Showing 10 changed files with 72 additions and 74 deletions.
diff --git a/...ity/src/main/java/org/neo4j/server/security/enterprise/auth/EnterpriseSecurityModule.java b/...ity/src/main/java/org/neo4j/server/security/enterprise/auth/EnterpriseSecurityModule.java
@@ -120,7 +120,7 @@ private EnterpriseAuthSubject asEnterprise( AuthSubject authSubject )

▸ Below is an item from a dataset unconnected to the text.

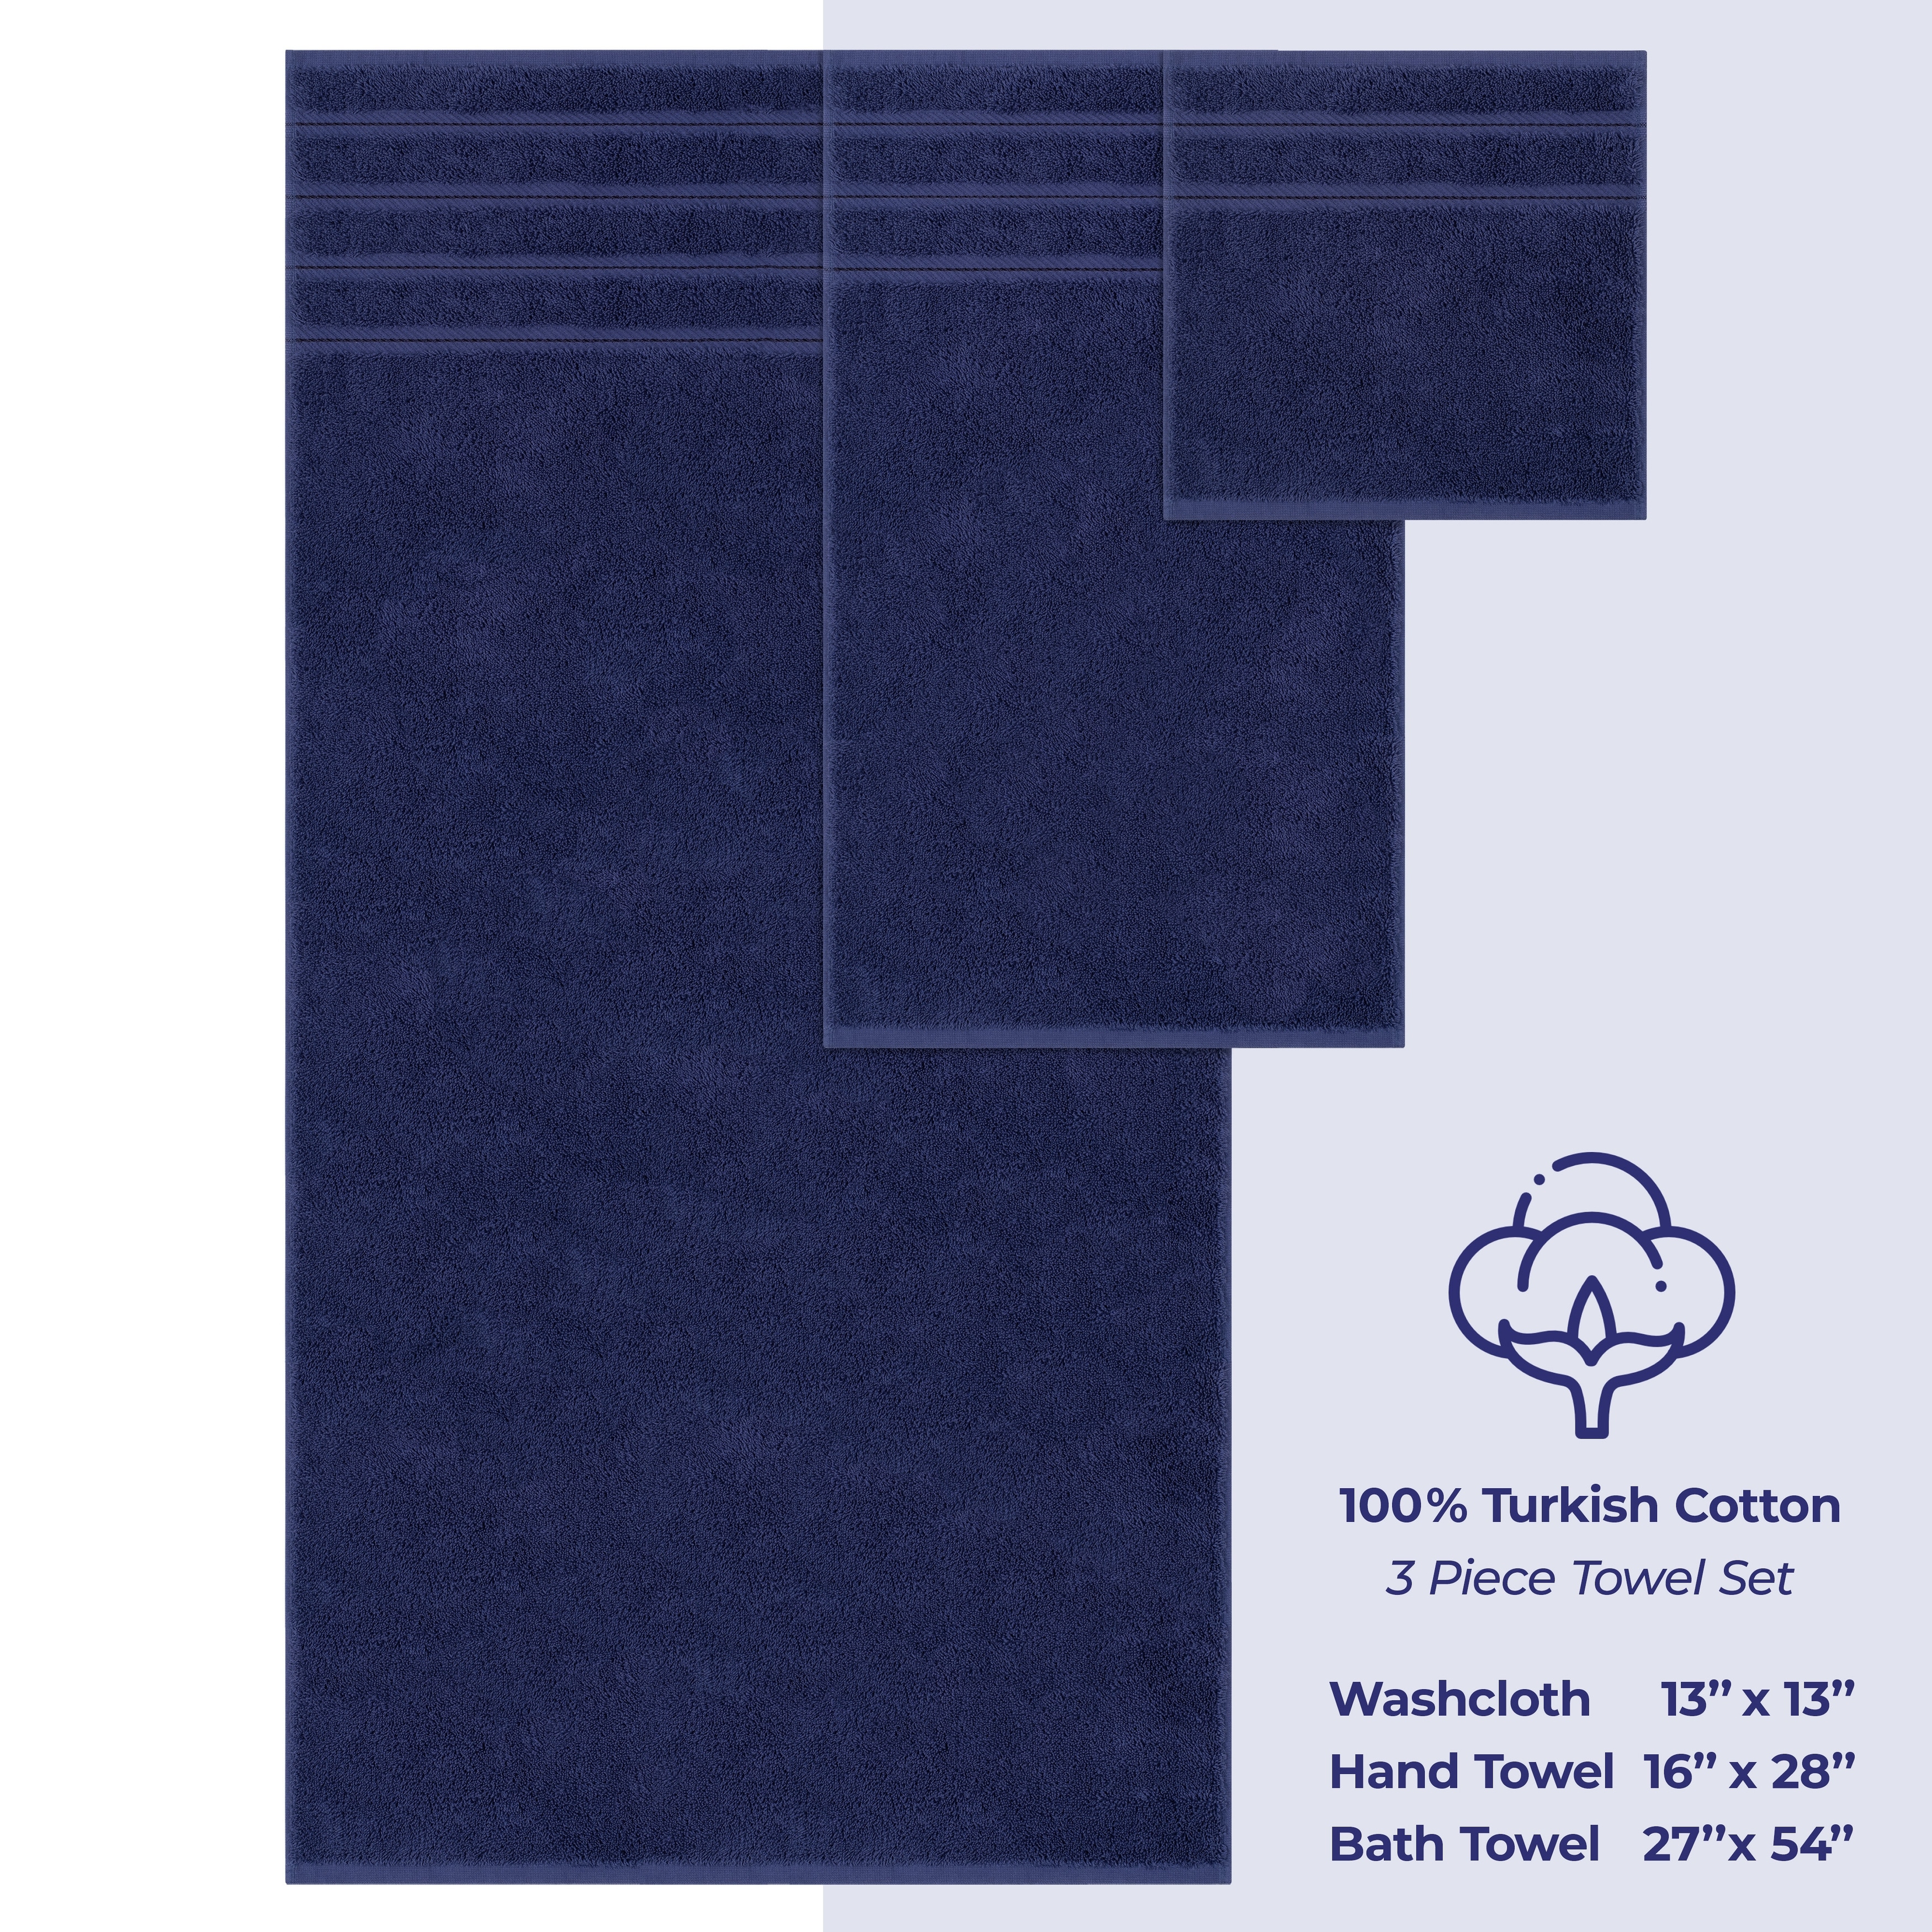 https://ak1.ostkcdn.com/images/products/is/images/direct/11610579f6d90eec169816df9411fec43ae6f80d/American-Soft-Linen-3-Piece%2C-100%25-Genuine-Turkish-Cotton-Premium-%26-Luxury-Towels-Bathroom-Sets.jpg

     public EnterpriseAuthAndUserManager newAuthManager( Config config, LogProvider logProvider, SecurityLog securityLog,
             FileSystemAbstraction fileSystem, JobScheduler jobScheduler )
     {
-        List<String> configuredRealms = config.get( SecuritySettings.active_realms );
+        List<String> configuredRealms = config.get( SecuritySettings.auth_providers );
         List<Realm> realms = new ArrayList<>( configuredRealms.size() + 1 );
 
         SecureHasher secureHasher = new SecureHasher();

diff --git a/enterprise/security/src/main/java/org/neo4j/server/security/enterprise/auth/LdapRealm.java b/enterprise/security/src/main/java/org/neo4j/server/security/enterprise/auth/LdapRealm.java
@@ -353,14 +353,14 @@ private void configureRealm( Config config )
     {
         JndiLdapContextFactory contextFactory = new JndiLdapContextFactory();
         contextFactory.setUrl( parseLdapServerUrl( config.get( SecuritySettings.ldap_server ) ) );
-        contextFactory.setAuthenticationMechanism( config.get( SecuritySettings.ldap_auth_mechanism ) );
+        contextFactory.setAuthenticationMechanism( config.get( SecuritySettings.ldap_authentication_mechanism ) );
         contextFactory.setReferral( config.get( SecuritySettings.ldap_referral ) );
-        contextFactory.setSystemUsername( config.get( SecuritySettings.ldap_system_username ) );
-        contextFactory.setSystemPassword( config.get( SecuritySettings.ldap_system_password ) );
+        contextFactory.setSystemUsername( config.get( SecuritySettings.ldap_authorization_system_username ) );
+        contextFactory.setSystemPassword( config.get( SecuritySettings.ldap_authorization_system_password ) );
 
         setContextFactory( contextFactory );
 
-        String userDnTemplate = config.get( SecuritySettings.ldap_user_dn_template );
+        String userDnTemplate = config.get( SecuritySettings.ldap_authentication_user_dn_template );
         if ( userDnTemplate != null )
         {
             setUserDnTemplate( userDnTemplate );

diff --git a/...ty/src/main/java/org/neo4j/server/security/enterprise/configuration/SecuritySettings.java b/...ty/src/main/java/org/neo4j/server/security/enterprise/configuration/SecuritySettings.java
@@ -61,51 +61,51 @@ public class SecuritySettings
                   "This can be one of the built-in `" + NATIVE_REALM_NAME + "` or `" + LDAP_REALM_NAME + "` providers, " +
                   "or it can be an externally provided plugin, with a custom name prefixed by `" +
                   PLUGIN_REALM_NAME_PREFIX + "`, i.e. `" + PLUGIN_REALM_NAME_PREFIX + "<example_provider_name>`." )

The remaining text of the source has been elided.